If one thing we have lost in the pandemic is the shared delusion of a booming economy, that would be a major epistemological rupture in American history that offers new possibilities for the future. It could create, as Bouie suggests, an opening for a renewed experiment in social democracy. But times of intense economic dislocation are dangerous and unpredictable, and this moment could also lead to the end of democracy — which, like late-stage neoliberal capitalism, was already beginning to crack under the strain.
This sense of urgency has led the entire Democratic Party to coalesce behind nominee-by-default Joe Biden, more than six months ahead of a decisive presidential election that will be conducted in unknowable and unprecedented conditions of stress and uncertainty. I have spoken my piece about Biden, who strikes me as perversely ill-suited to this moment or, to put it another way, as the perfect symbol of his party's rootlessness and self-hatred. But that die has been cast, and it seems prudent to observe a code of polite social distancing on this question, at least until the morning of Nov. 4.
For some reason it remains a universally accepted truth that moderate establishment Democrats are the most "electable," despite an unblemished record of agonizing defeat that stretches all the way from Hubert Humphrey to Hillary Clinton, by way of Walter Mondale, Michael Dukakis, Al Gore and John Kerry. Of course it's possible, or even likely, that "negative partisanship" and widespread loathing for the incompetent sociopath in the White House (as expressed by political scientist Rachel Bitecofer) will outweigh all other issues this time around.
But whether Joe Biden will win the election, against a uniquely devious opponent with limitless funds and an unmatched ability to manipulate the media, is only one unanswered question. Whether a potential president who has literally promised no fundamental changes to society, and a party that seems committed to turning the dial back to 2015, are remotely capable of preventing the next upsurge of fascism — potentially better organized and less overtly criminal than this one — may be a bigger one.
What unites many so-called liberals and conservatives, then, is a desire to rewrite recent history and undo all the loss — not just the staggering present-tense losses of the pandemic, but all the losses of the Trump presidency, and all the losses of the grossly unjust economy and the deeply divided society that made Trump possible in the first place. This is understandable, as I suggested earlier, but it's also a death trap.

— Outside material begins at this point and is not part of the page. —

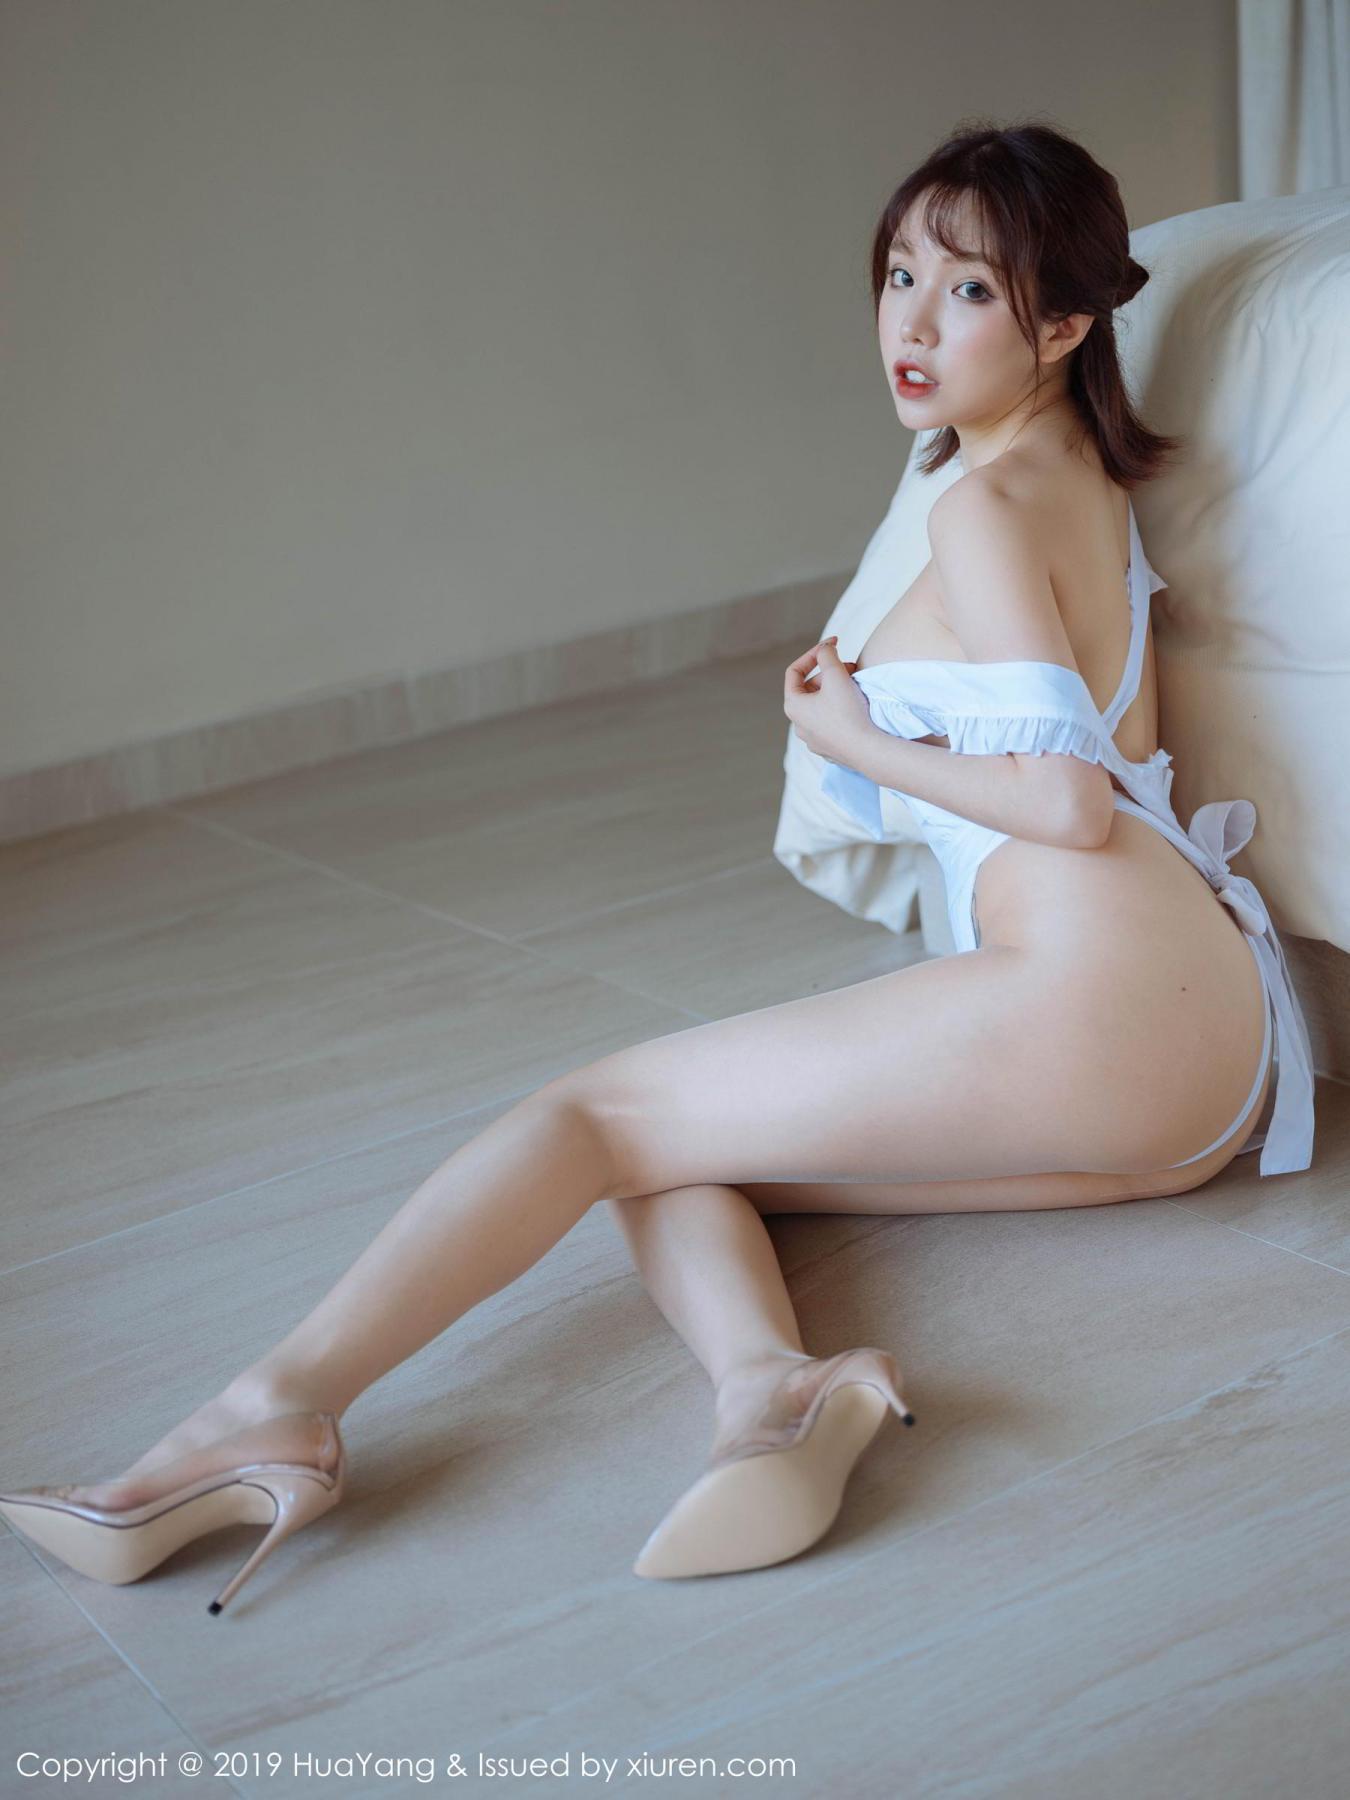 [Huayang] Vol.134 Huang Le Ran 16P, Huang Le Ran, HuaYang, Maid, Sexy

There is no switch we can flip to give Trey Hollingsworth back his fictitious economic boom, or to banish Trump to historical oblivion and restore the illusory social harmony of the Obama years. Neither of those things was ever what it seemed, I would argue, but in any case they are unrecoverable now.
For most of us, and maybe all of us, such momentous questions are pretty abstract right now as we try to wait out the pandemic and the economic crash. Personal losses come first. My kids celebrated a milestone birthday while in lockdown, and I can never give them that back. I cannot promise them Fourth of July fireworks or a trip to Ireland or the summer production of "As You Like It" they have looked forward to all year, because none of those things is likely to happen. Those are insignificant losses or markers of privilege on the larger social canvas, no doubt — but not to them.
We have to find a way to accept the modest personal losses of this moment, along with the unbearably large and tragic ones, and face them for what they are. There is no way to make them un-happen and no pathway back to the past, not the past of two months ago or five years ago or any other time. If we accept that what is lost is lost and cannot be recovered — and if we can grieve and mourn and celebrate those losses, after our own fashion — that may open the way toward discovering together what can be rebuilt, or built anew. That's a simple, even banal sentiment. But it describes the greatest challenge this nation has faced since World War II, one that will define our place in history.